July 22, 2014
Wall Street ends up on earnings, rebound in high-growth shares
US stocks rose, boosted by upbeat results from companies including Merck & Co and a rebound in Facebook and other high-growth shares.
Merck & Co 's shares climbed 3.6 percent to $58.72, giving the S&P 500 its biggest lift, after it reported stronger-than-expected earnings.
The Dow Jones industrial average rose 86.63 points or 0.53 percent, to 16,535.37, the S&P 500 gained 8.9 points or 0.48 percent, to 1,878.33 and the Nasdaq Composite added 29.142 points or 0.72 percent, to 4,103.543.
Shares of Facebook, up 3.6 percent at $58.15, led the way higher on the Nasdaq, a day after selling off along with a host of other momentum names.

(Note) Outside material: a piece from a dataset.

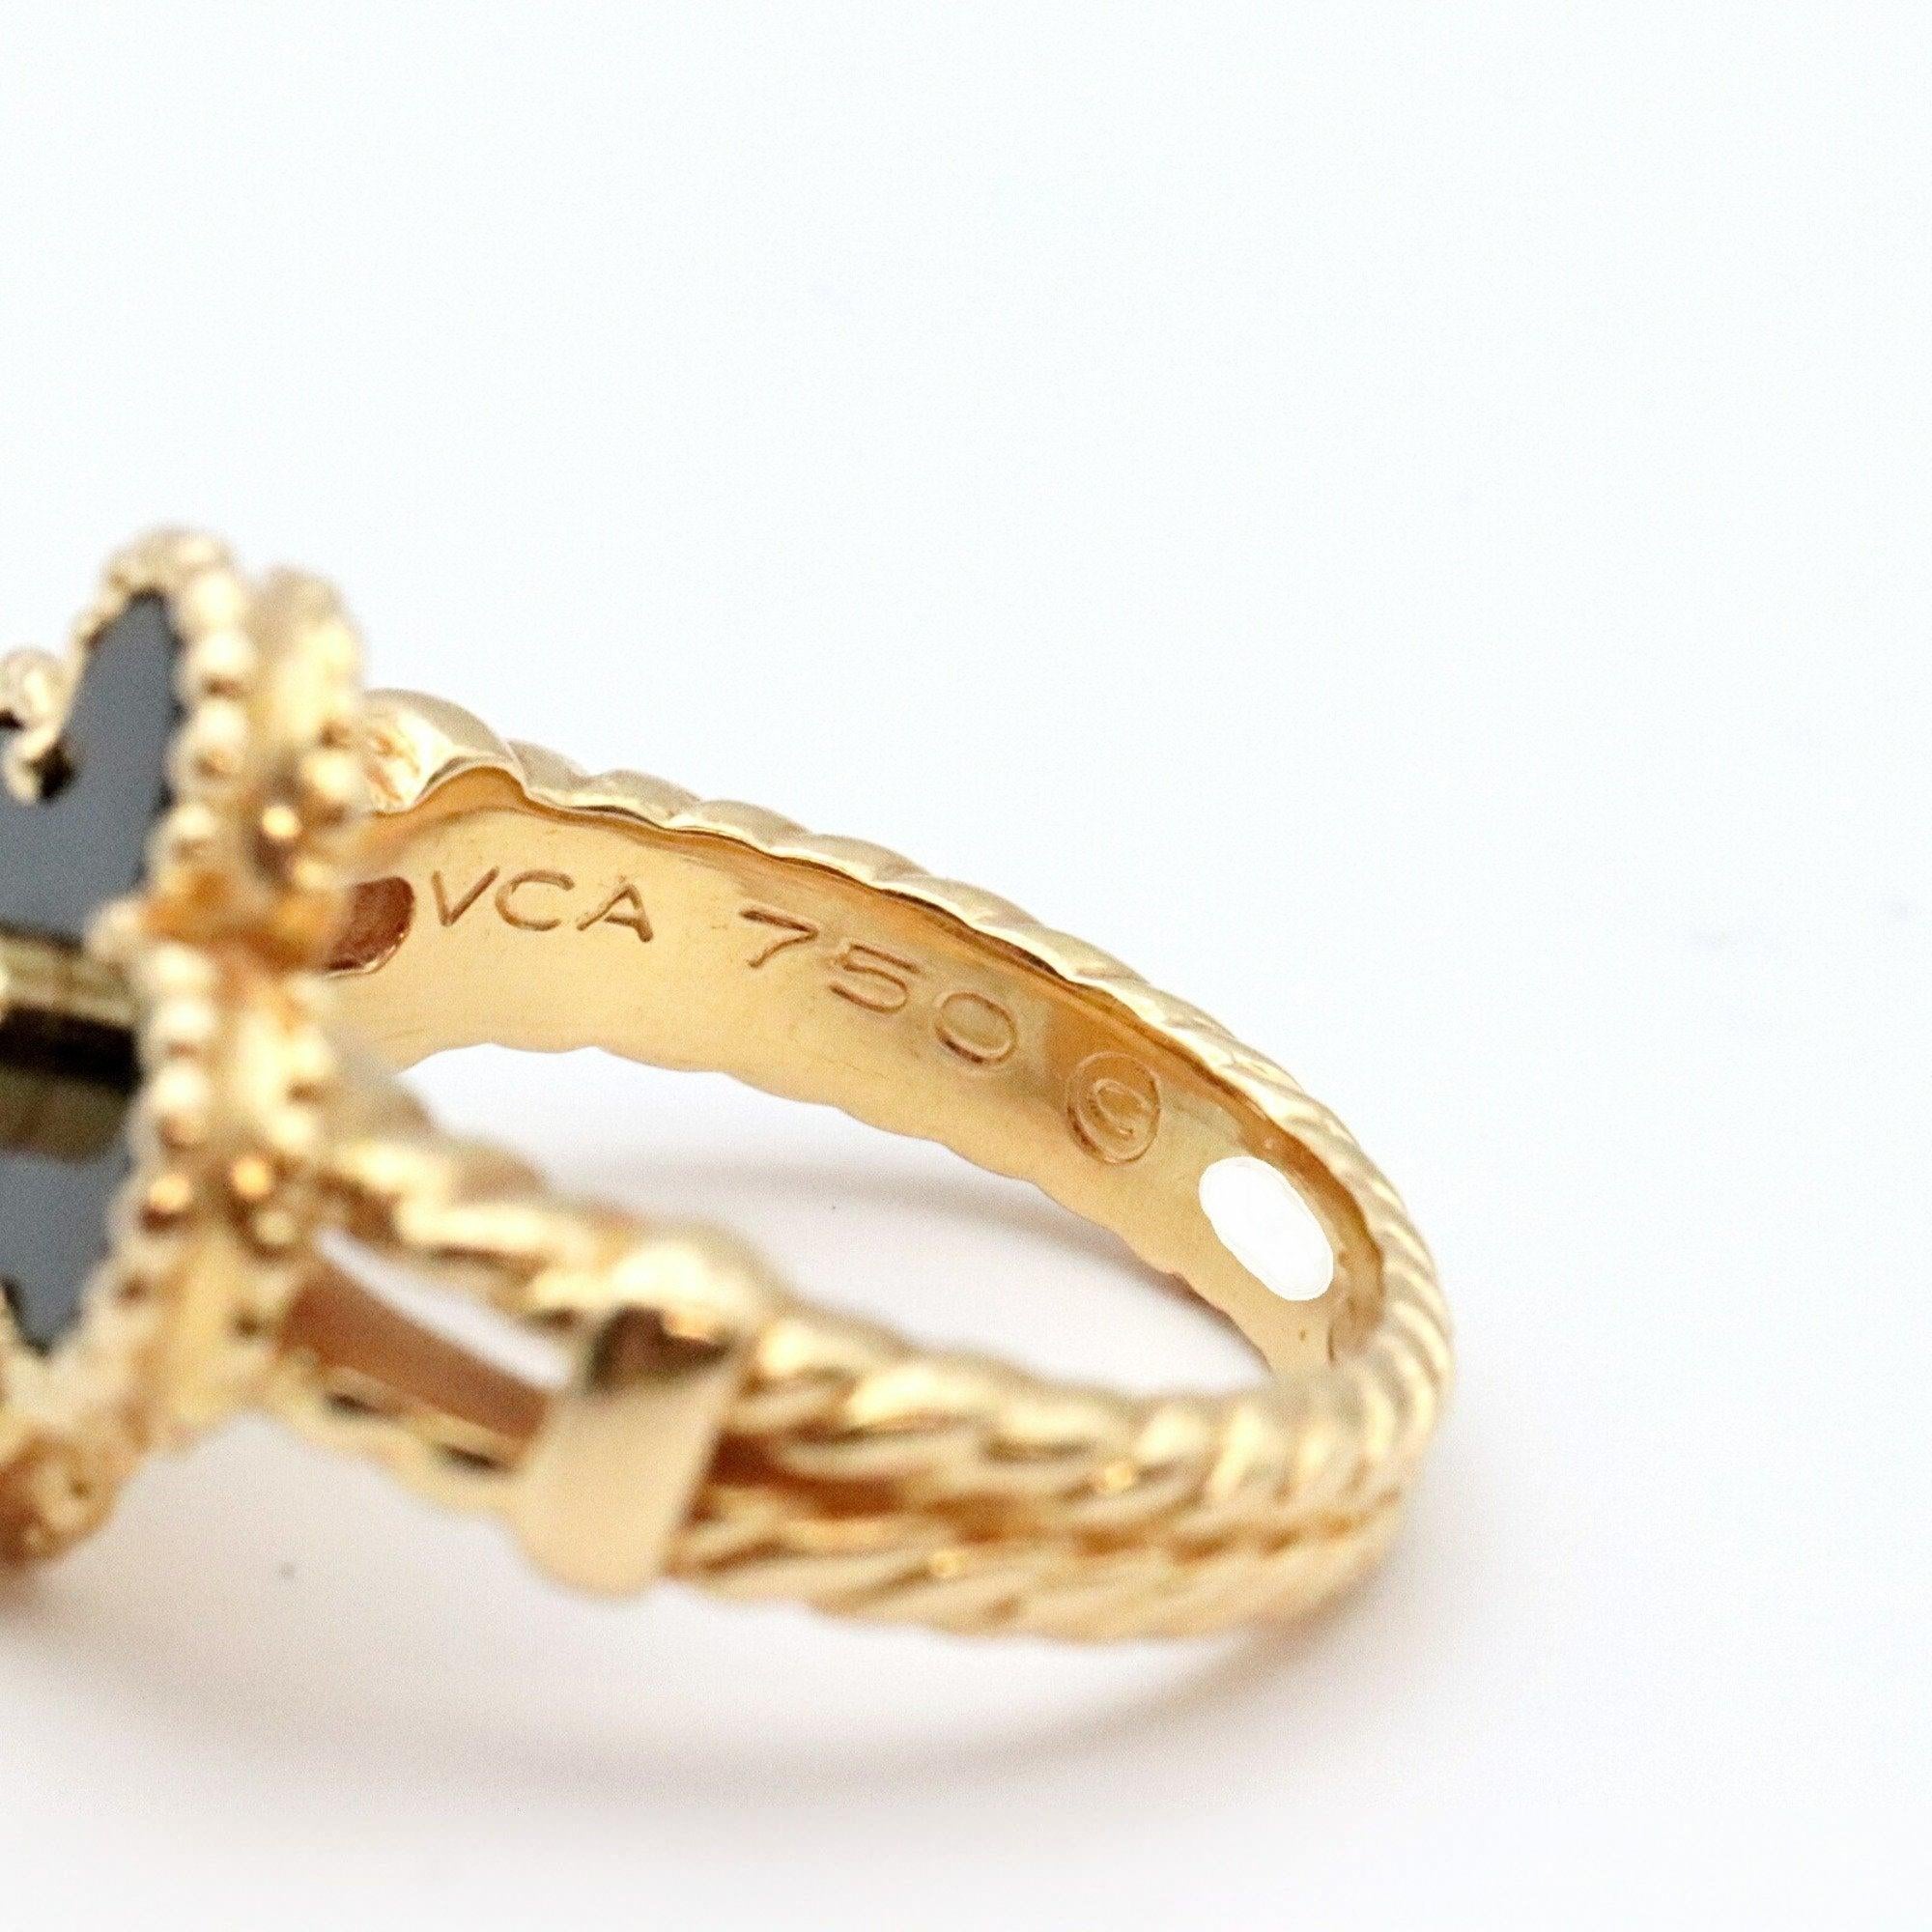 Women's Van Cleef & Arpels Vintage Alhambra Diamond Ring in 18K Yellow Gold For Sale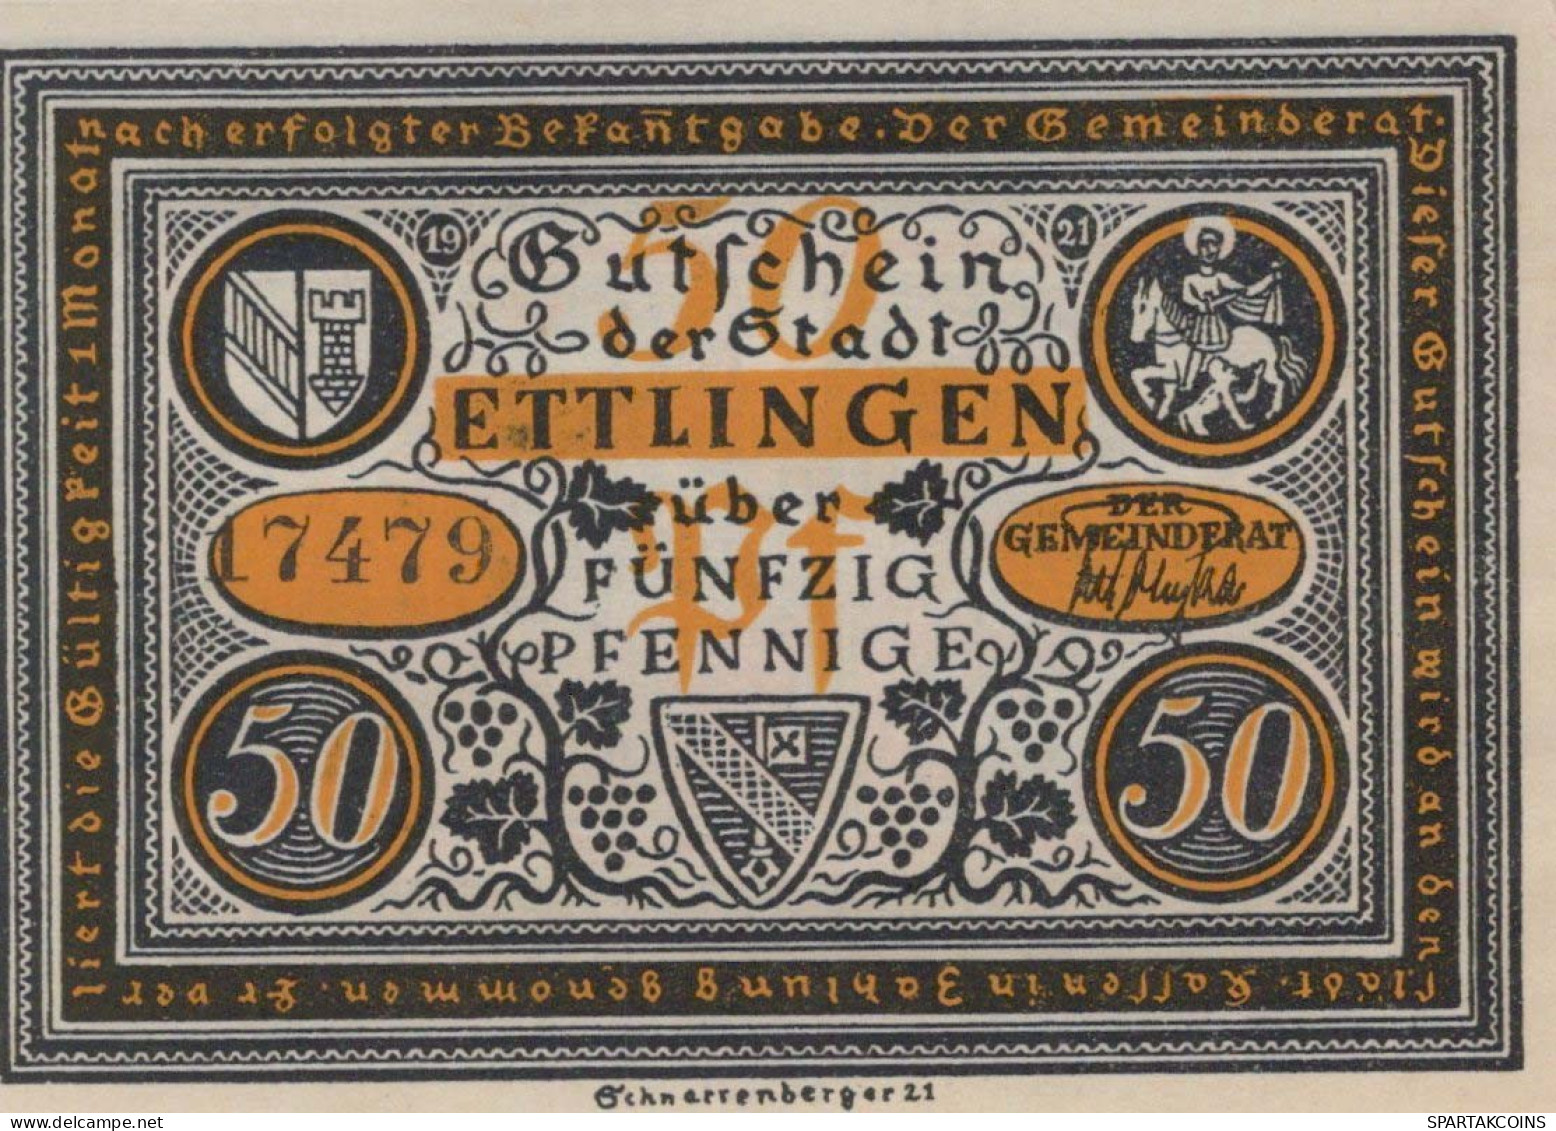 50 PFENNIG 1921 Stadt ETTLINGEN Baden UNC DEUTSCHLAND Notgeld Banknote #PB363 - [11] Local Banknote Issues

Shares of Twitter jumped 4.6 percent to $42.62 ahead of its results after the bell, when it reported 255 million monthly active users, up from the previous quarter but not enough to satisfy investors. The stock was last down 8.6 percent.
On the down side, Coach Inc reported a sharp drop in North American sales and the stock slumped 9.3 percent to $45.71.
About 6.3 billion shares changed hands on US exchanges, below the 6.6 billion average this month, according to data from BATS Global Markets.
The Fed's two-day policy meeting began today, with the central bank expected to again scale back its monthly bond purchase program. Investors will also be eager to get any guidance on when it might raise interest rates.
European shares closed up, led by technology stocks as results from chipmaker Infineon and telecommunication gear maker Nokia brightened the outlook for the sector.
The two were among the top risers on the pan-European FTSEurofirst 300 index after they reported forecast-beating quarterly earnings boosted respectively by demand from automotive and industrial customers and by software deals.
The STOXX Europe 600 Tech index was up 1.4 percent, a top sectoral riser.
The pan-European FTSEurofirst 300 index, was 1.2 percent higher at 1,352.42 points. The euro zone Euro STOXX 50 was up 1.4 percent at 3,208.68 points.